Combustion engines need oxygen to burn fuel. With less oxygen entering the engine, power falls unless turbocharging and other systems compensate. The thinner air also changes cooling and aerodynamics.

Electric motors do not burn fuel, so they do not suffer the same altitude-related power loss. They can deliver strong torque from the start line to the summit without running short of oxygen.

The rest of the car still has a brutal job. Tires, brakes, batteries, inverters, and the driver all take heavy punishment. The electric drivetrain simply removes one problem that has challenged race cars on the mountain for decades.

That makes Pikes Peak a particularly good fit for instant torque, precise power control, and a motor that does not weaken with altitude.

Ford Built the Mach-E for This Mountain

The Super Mustang Mach-E shares little with the showroom crossover beyond its shape and name. It is a purpose-built hill-climb car.

It uses a lightweight carbon-fiber structure, a small high-performance battery, and three motors producing about 1,400 horsepower. The huge aerodynamic package can generate thousands of pounds of downforce.

The car needs that grip on a road filled with hairpins and exposed drops. It has to accelerate, brake, and change direction repeatedly while the surface and weather can shift during the run.

Using the Mustang Mach-E name gives Ford a way to associate electric power with outright speed, not only efficiency and lower emissions.

Returning after the 2025 crash mattered too. Ford and Dumas took a program that could have ended as an expensive failure and came back to win the event overall.

The Battery Is Still a Compromise

Electric motors like the altitude. Batteries still bring weight and heat.

More battery capacity provides more energy, but every extra cell adds mass that hurts acceleration, braking, and cornering. Engineers need enough energy to finish at full power without carrying range the car will never use.

Pikes Peak allows an extreme solution because the course is only about 12 miles. The car needs maximum output for a little more than eight minutes, not enough energy for a road trip.

Regenerative braking can recover some energy, but the motors, inverters, battery, brakes, and tires still create enormous heat. Cooling remains difficult even though the motor does not need oxygen.

The result should not be stretched into a claim that EVs are better in every form of racing. Endurance events, repeated fast laps, charging time, and vehicle weight create a different set of limits.

Pikes Peak happens to reward the things electric drivetrains do best.

What the Race Can Teach Road-Car Engineers

Racing is most useful when an extreme event exposes engineering problems quickly.

Pikes Peak pushes torque control, regenerative braking, thermal management, lightweight materials, aerodynamics, and software.

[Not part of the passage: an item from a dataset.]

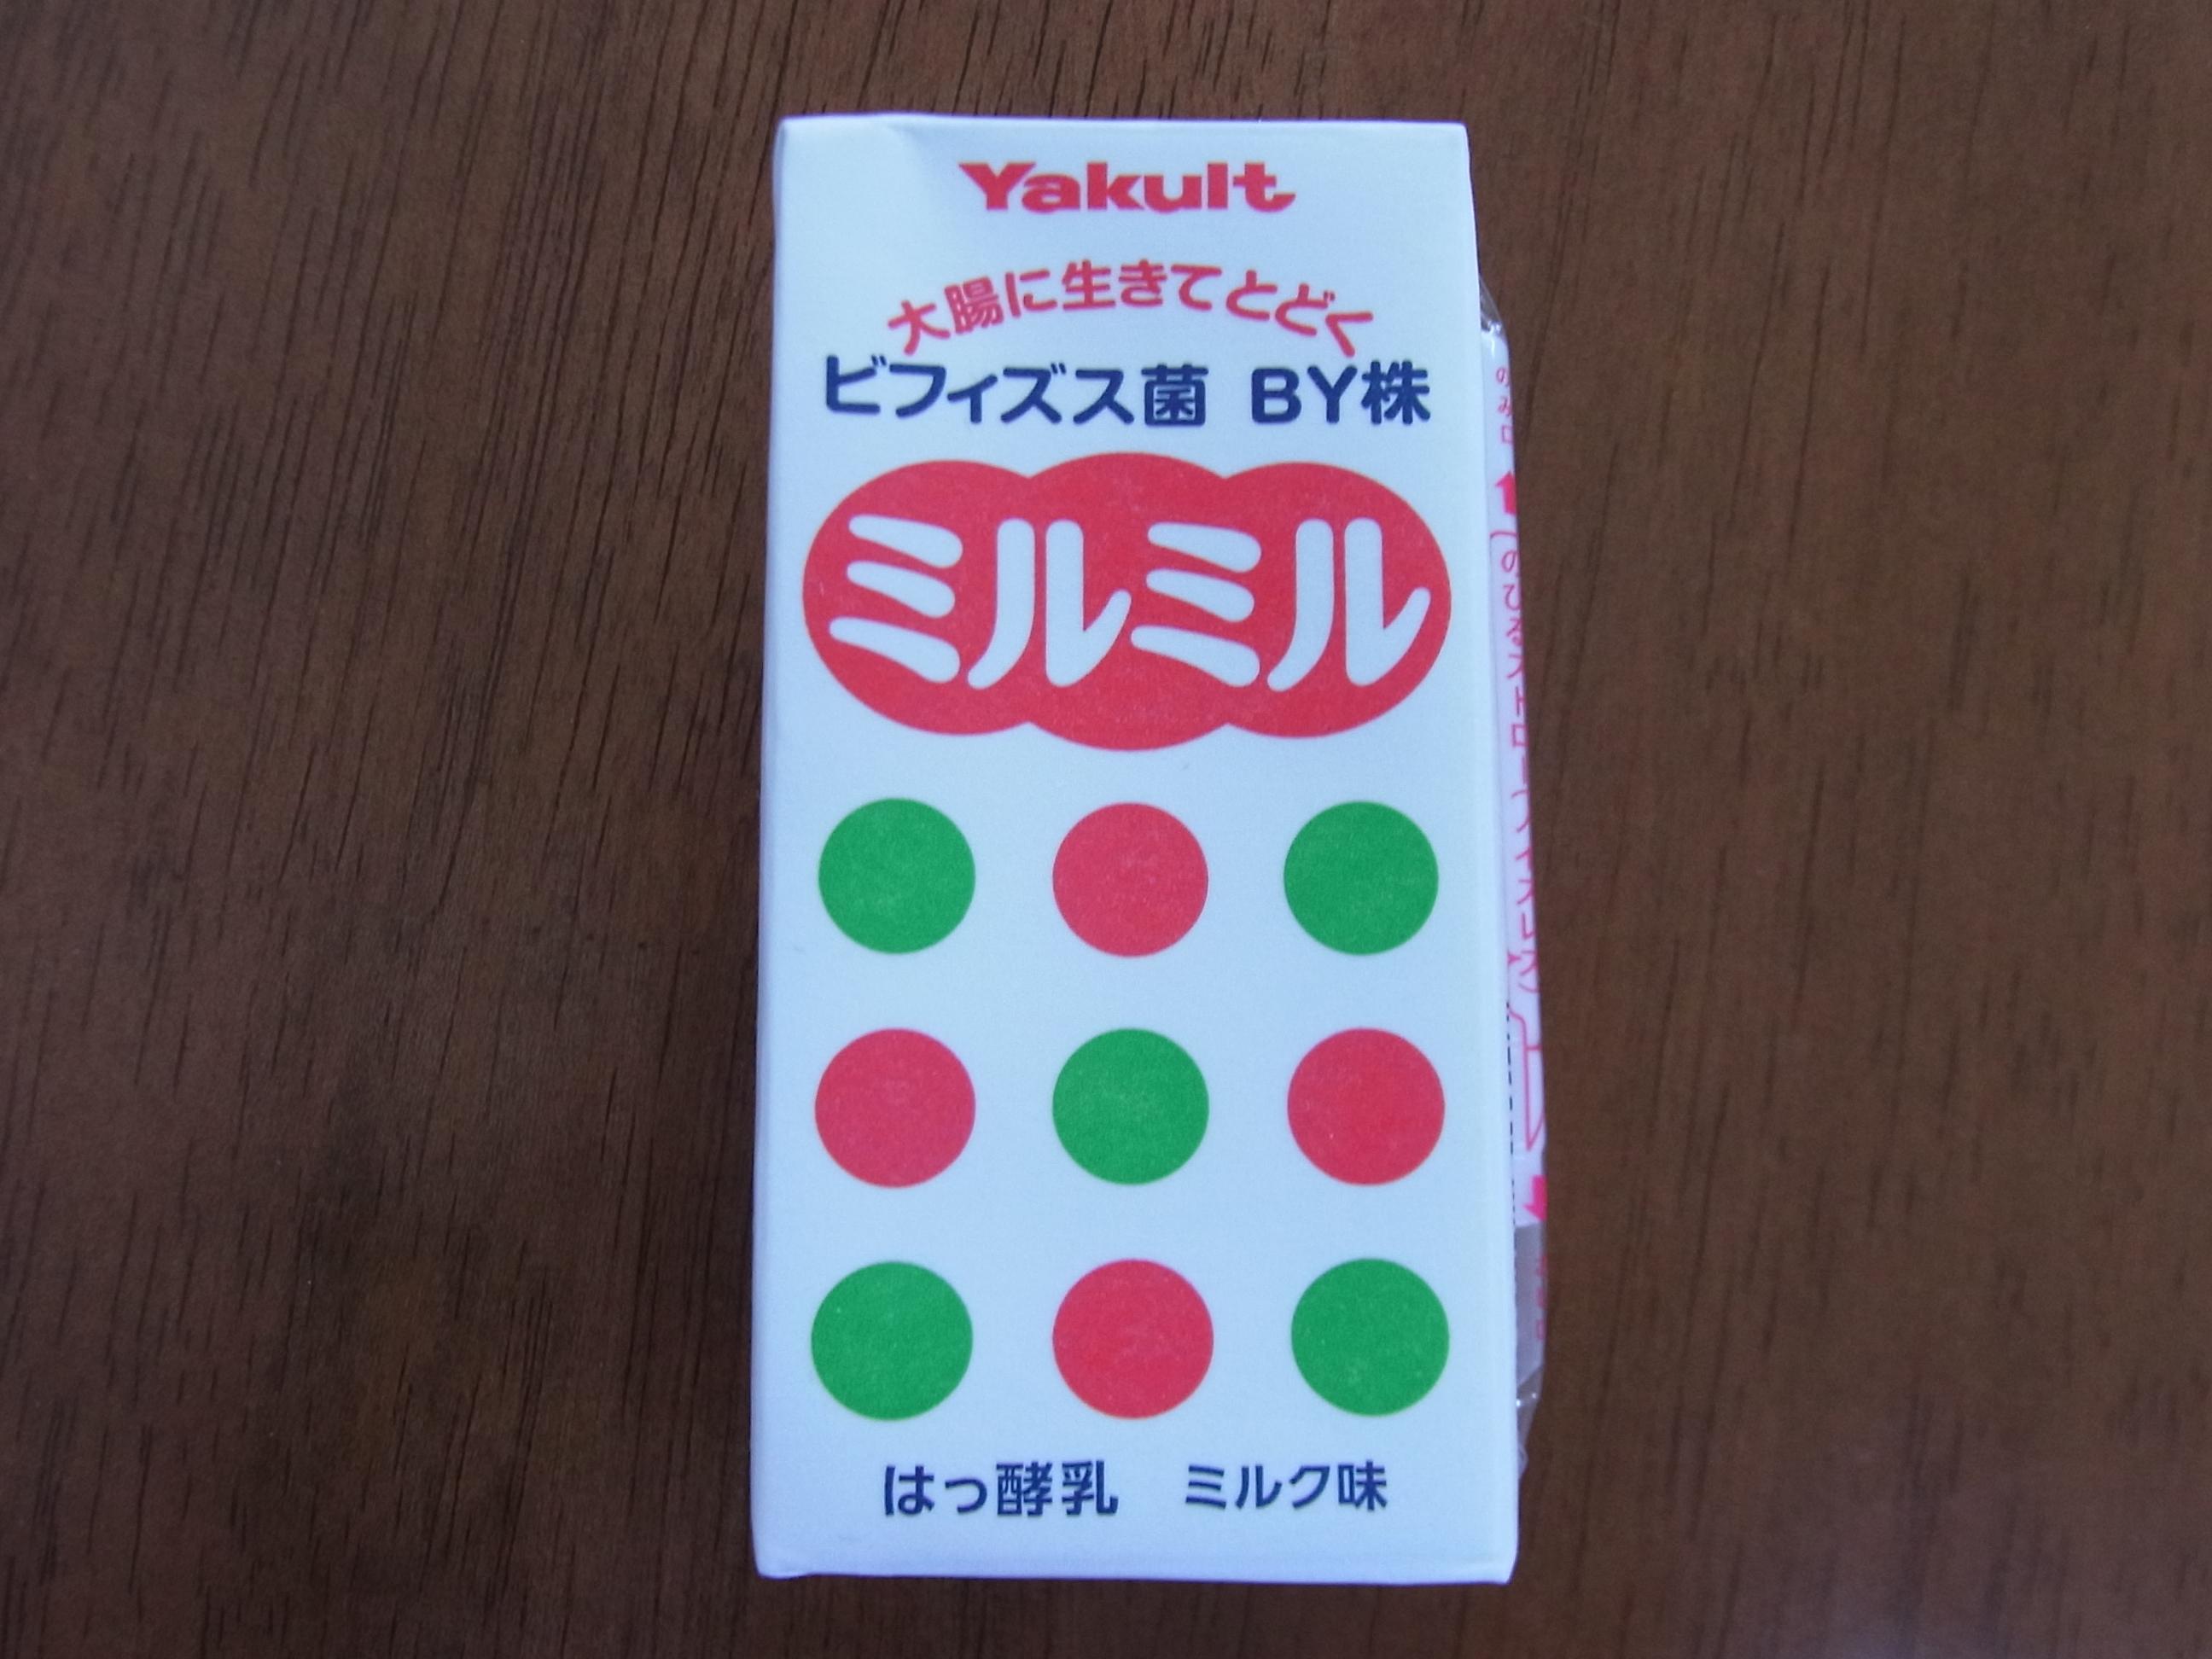 ヤクルトミルミルのパッケージ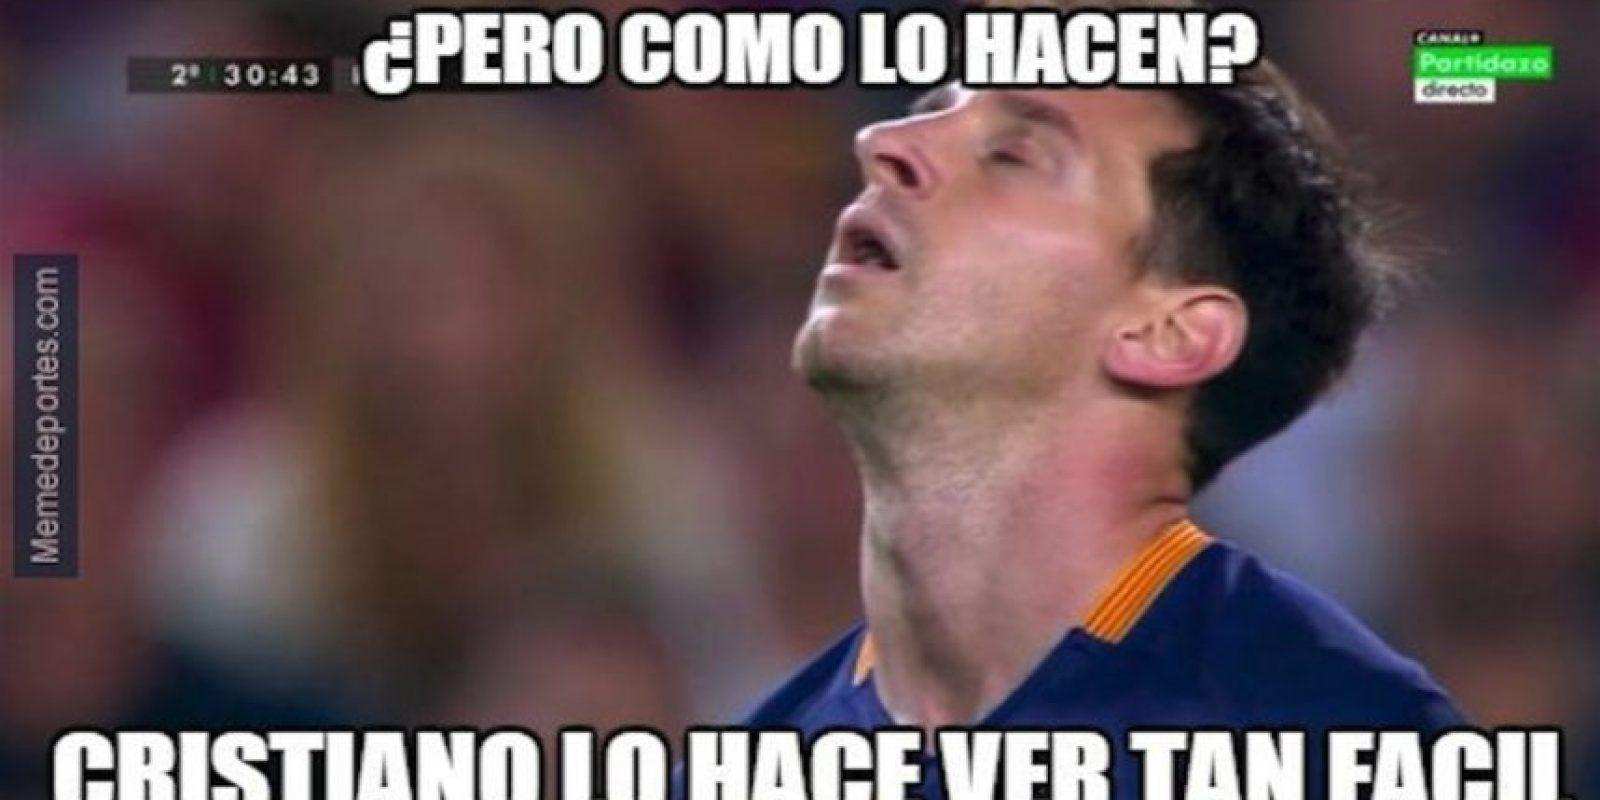 Por supuesto, llegaron las comparaciones con Cristiano Ronaldo. Foto:memedeportes.com

A 1,400-horsepower race car will not hand its parts directly to a family crossover, but the work can improve simulations, controls, materials, and testing methods.

The race also gives electric cars an identity beyond range, charging, tax credits, and environmental arguments. They can simply be very fast.

The 2026 sweep does not erase the weaknesses of batteries. It shows that on a mountain where combustion engines lose oxygen and electric motors keep pulling, the physics strongly favors EVs.

At Pikes Peak, thin air takes power away from engines. Electric motors barely notice.